Our speaker, Dovydas Vitkauskas, has 25 years of practical experience in setting and promoting standards of good governance across the European continent. He believes the West should weigh carefully the interest of preserving its supremacy in the World’s financial system against the need to help rebuild Ukraine.

Dovydas Vitkauskas (DV): formerly a senior lawyer at the European Court of Human Rights, Team Leader of various EU-funded rule of law projects, including in Ukraine. Currently also a Member of the Council for Better Regulation, providing advice to the Lithuanian government institutions.
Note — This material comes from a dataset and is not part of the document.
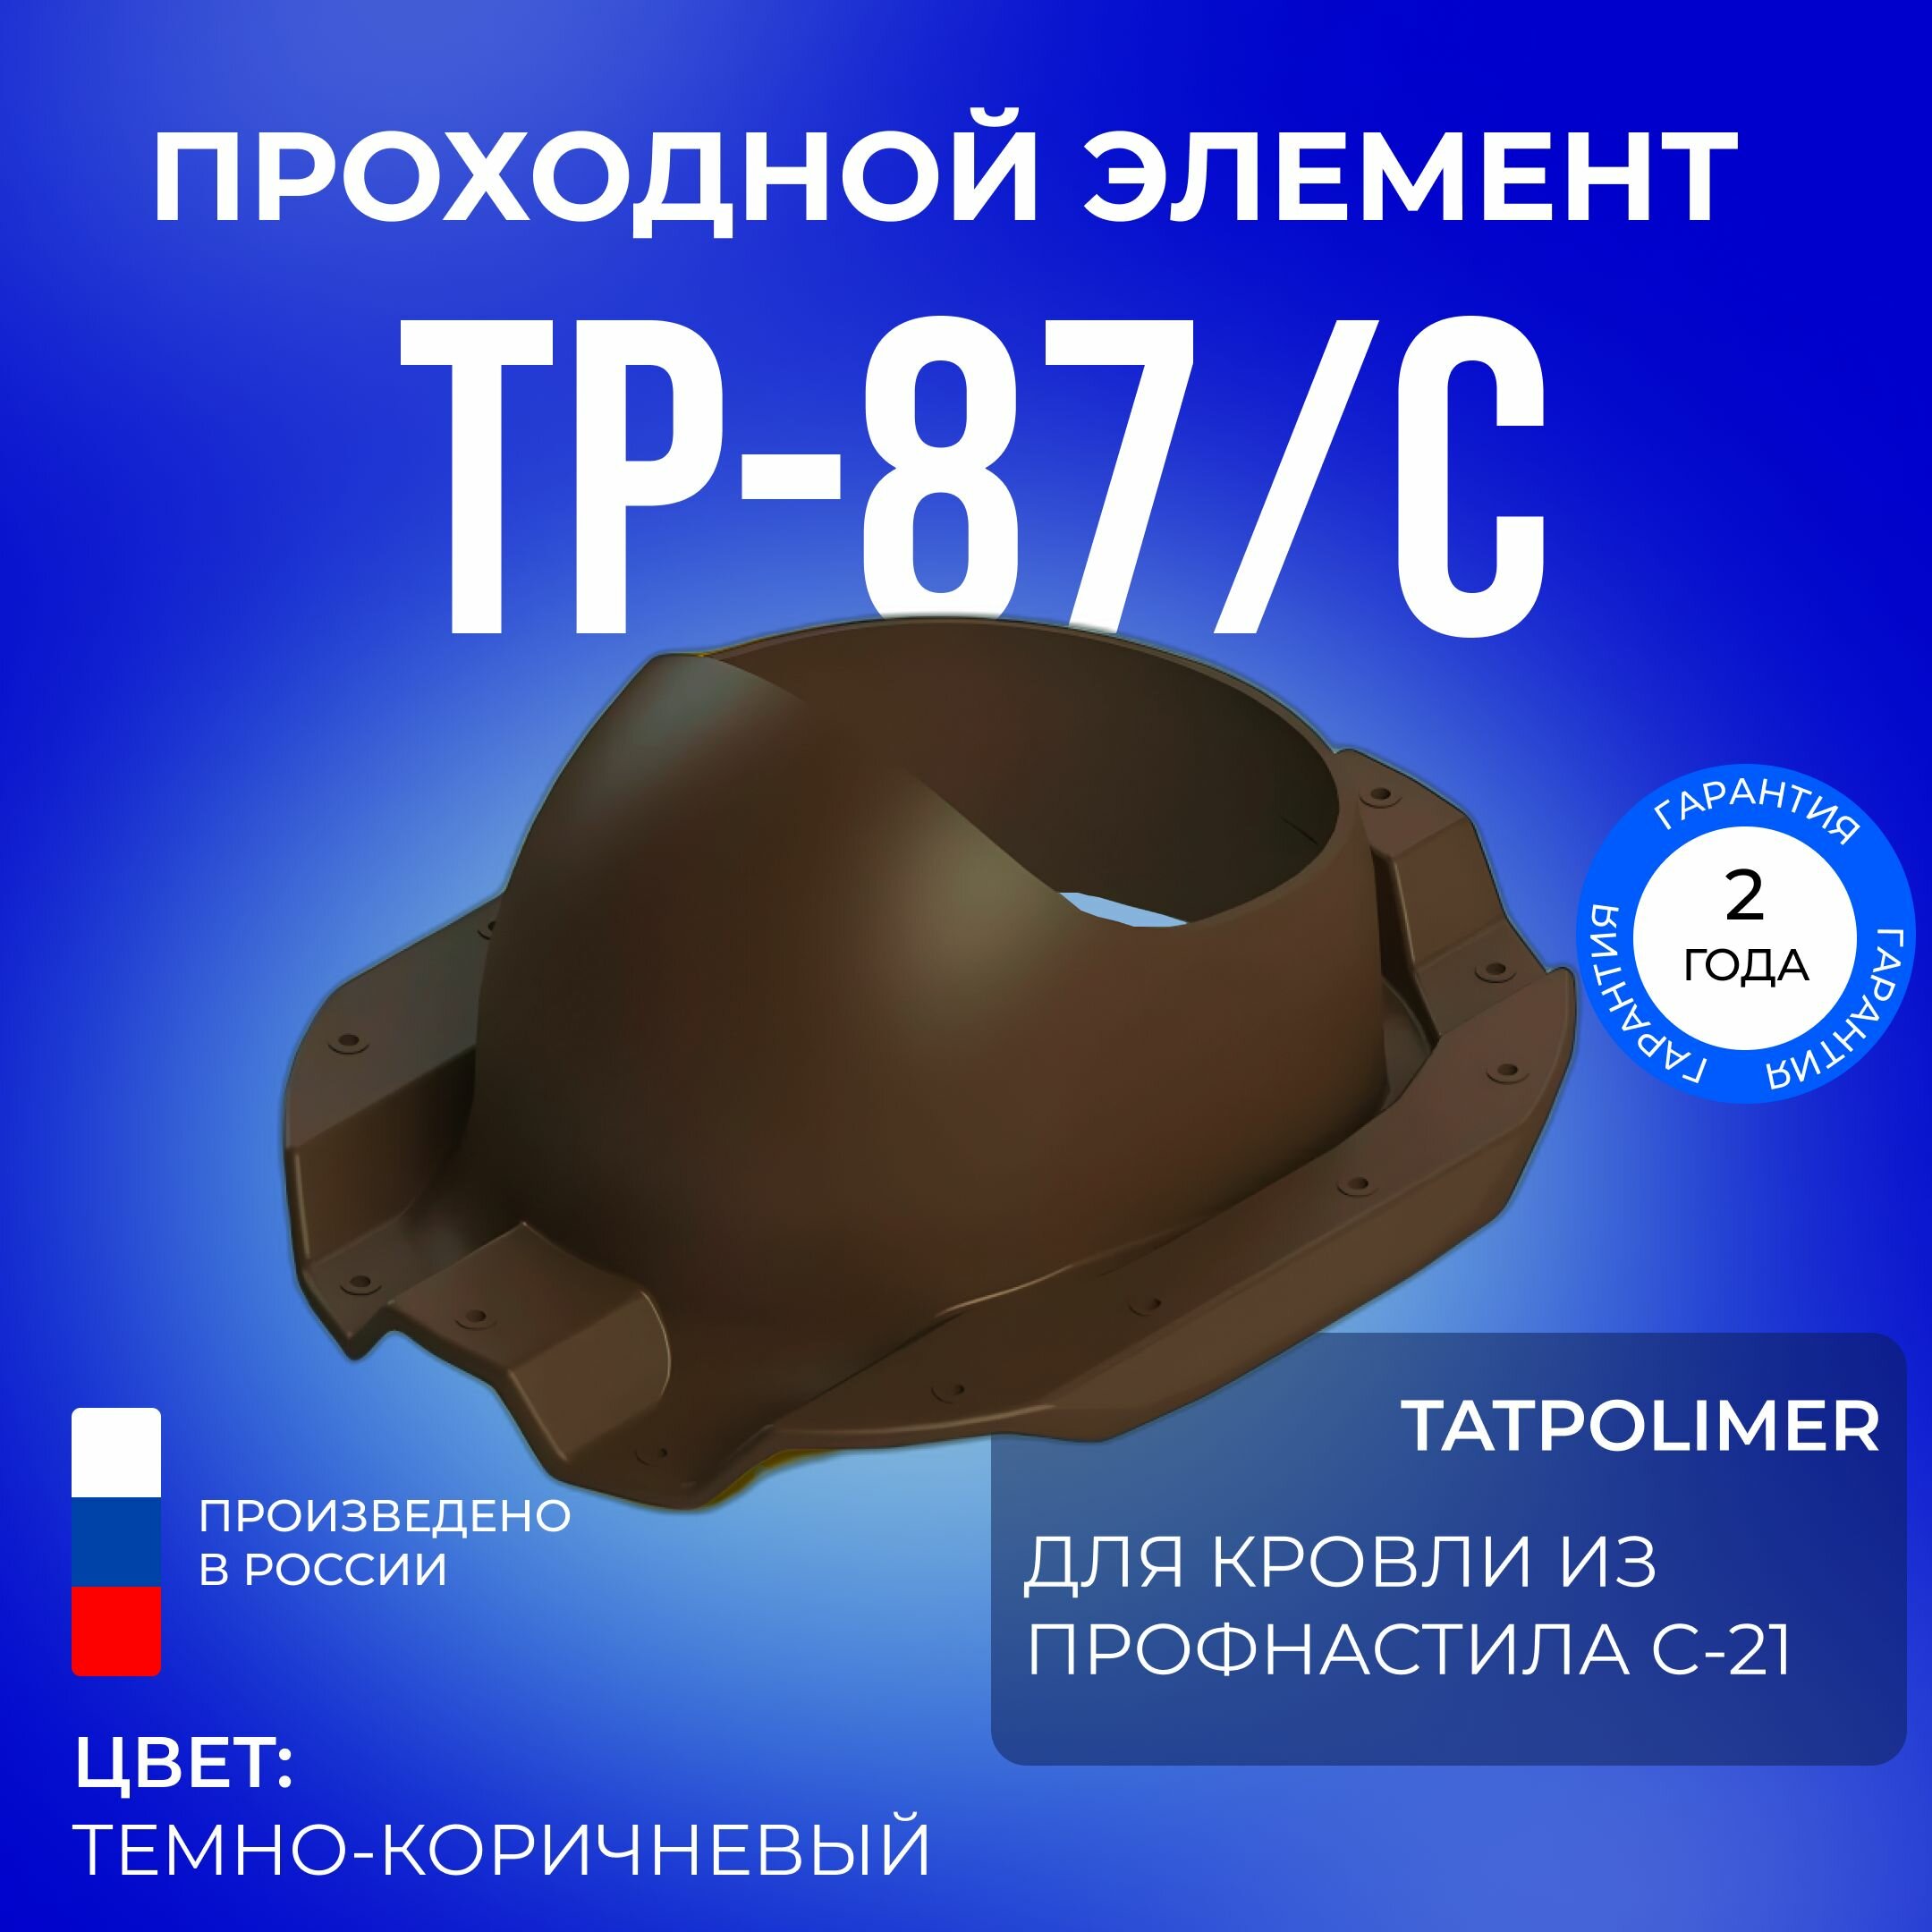 Проходной элемент TP-87/C темно-коричневый

Dovydas is also involved in various charitable causes to help Ukraine
Question: Why has the West been slow in taking Russian assets and giving them to Ukraine?
DV replies: The US, EU and other Western countries have been rather quick in adopting sanctions against the Russian sovereign and private assets before and following the 2022 military intervention. However, the purpose of sanctions is not to punish the rogue actor, but to exert pressure to change political course. Sanctions are ultimately a preventive, and not a reactive, tool. Some populist politicians are confusing the picture even more by wrapping together two separate issues with distinct political, legal and economic implications – that is, dealing with Russia on the one hand, and helping Ukraine on the other. As a result, promises and expectations do not always match reality.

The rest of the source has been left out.